No salí de mi habitación. Fue ella la que vino a preguntarme si pensaba cenar allí.
Tal vez no esperaba que la Guardia Civil viniera tan pronto a buscarme, aunque ella misma la llamara, si es que la llamó. O tal vez se ocupara aquel hombre de dar el chivatazo. Lo cierto es que salí de allí esposado y comprendí que aquella ya no era mi casa, ni mi madre mi madre.

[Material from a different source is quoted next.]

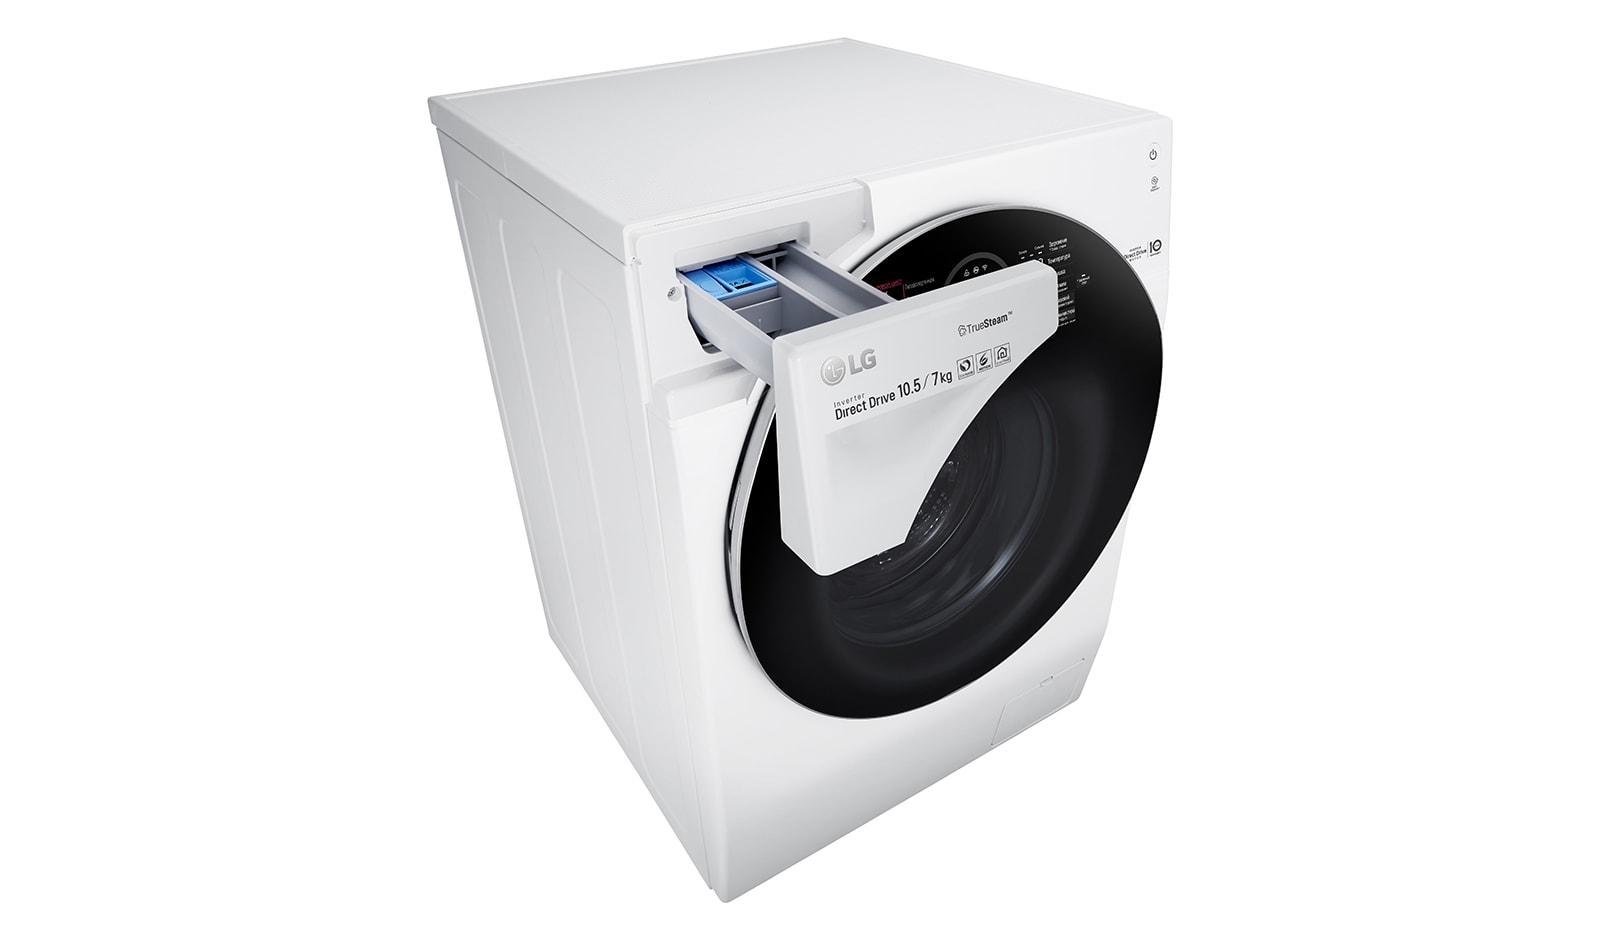 http://www.lg.com/ru/images/washing-machines/md05904556/gallery/large_09.jpg

En el desamparo añoré la casa de la abuela, la calle de cantos rodados donde jugaba a las canicas, cerca de un hospital de niños en el que convalecían los pequeños de la crueldad de las epidemias, mientras yo jugaba, sano, en un tiempo de niños enfermizos. Volví al frescor del patio de la abuela; me recordé, quizá gateando, sobre una manta que me ponían para preservarme del frío que no hacía. Había helechos y begonias, varas de San José, que florecían por marzo. Estaban los anturios o las clavellinas que mi abuela cuidaba con riegos tempraneros y que se mantenían exultantes todo el año con sus colores tan diversos. Aprovechaba los accidentes naturales del suelo, las grietas que el tiempo había formado, para hacer calles imaginarias por donde circulaban mis cochecitos de entonces que compraba en la plaza de Weyler por sólo dos pesetas. Ahora, ni casa a la que volver, ni patio para el juego. Un muchacho esposado era un adulto sin libertad, sin hogar; a la intemperie. Un hombre así, joven y sin madre, tiene derecho a llorar por su tiempo perdido.